The next idea was acceptance of multiple genders or not. Myself, I have no preference. If someone is homosexual or intersexual it doesn’t bother me in the least. It’s their life and their choices so why would that affect me? If that’s what makes them happy, then why force them to be “normal” when it will make them miserable? So my final say is that yes, eventually multiple genders will be accepted because there’s no reason not to.

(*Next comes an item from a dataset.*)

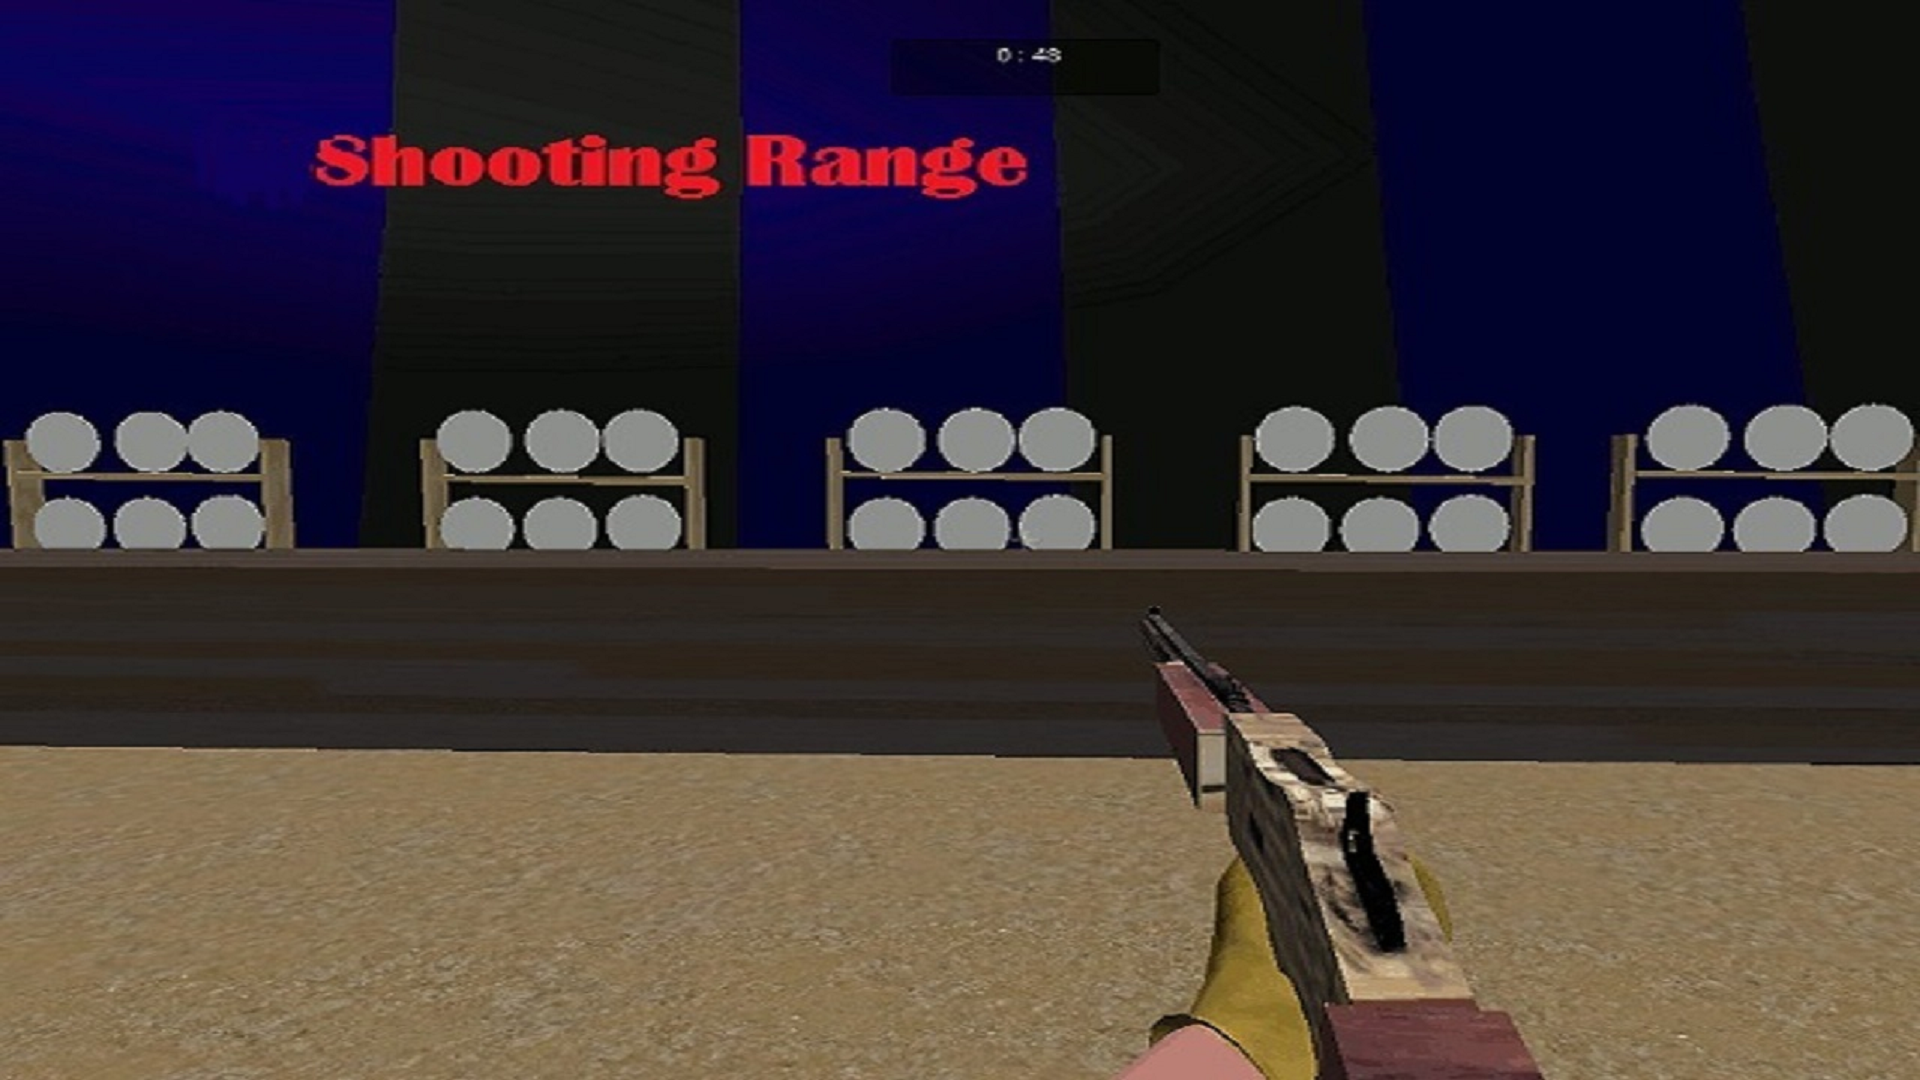 Shooting Range by Thornbury Software

Another idea was whether women should marry early or not and whether women should become stay at home moms. I agree with the author that said earl marriage is not a good idea just based on the fact that you may not be as “prime” to have kids and a family later on in life. If you find the person you want to be with and have a family with at eighteen that’s great, but if you don’t find them until your fifty that’s ok too. Neither is bad and neither has a greater amount of advantages over the other. It just depends on what you want in life and I believe how ever long it takes to get what you want is how ever long you should wait. As for becoming a stay at home mom, I agree that a mother’s love is incomparable to a nanny’s but then again if a mom smothers her kids then they will never experience anything on their own. But if becoming a stay at home mom is a better way for you to live, than go for it. But once again I’m more neutral. Neither has more advantages or disadvantages than the other.
The next few ideas were about men. Whether fathers are essential or not and whether men suffered or gained from the feminism movement. Fathers I believe are essential. But in my opinion if you’re planning on being a good role model and father all at once then yes you’re essential in your child’s life, but if you’re not then don’t even bother. Having a screwed up father for a role model just makes things worse and confuses the kid. As for the feminism movement, I believe that it benefited men more than hurt them. Yes it threatened their sense of masculinity a little bit, but in the same respect it also opened up a ton of options for them. It gave them competition, new views on things and the chance to be a stay at home dad if they chose to do so.
The final few ideas were the ones I agreed with most. Every author made their point well and proved it to be a good idea. But again, it depends on each individual’s lifestyle. If traditional roles in marriage is what makes both people happy, then that would be the best solution. If egalitarian roles would make both partners happy, then maybe that would be the best solution. But either way the two ideas that could be agreed upon by everyone is that to relate better with each other, men and women need to quit bashing on one another. It only causes conflict and hurt.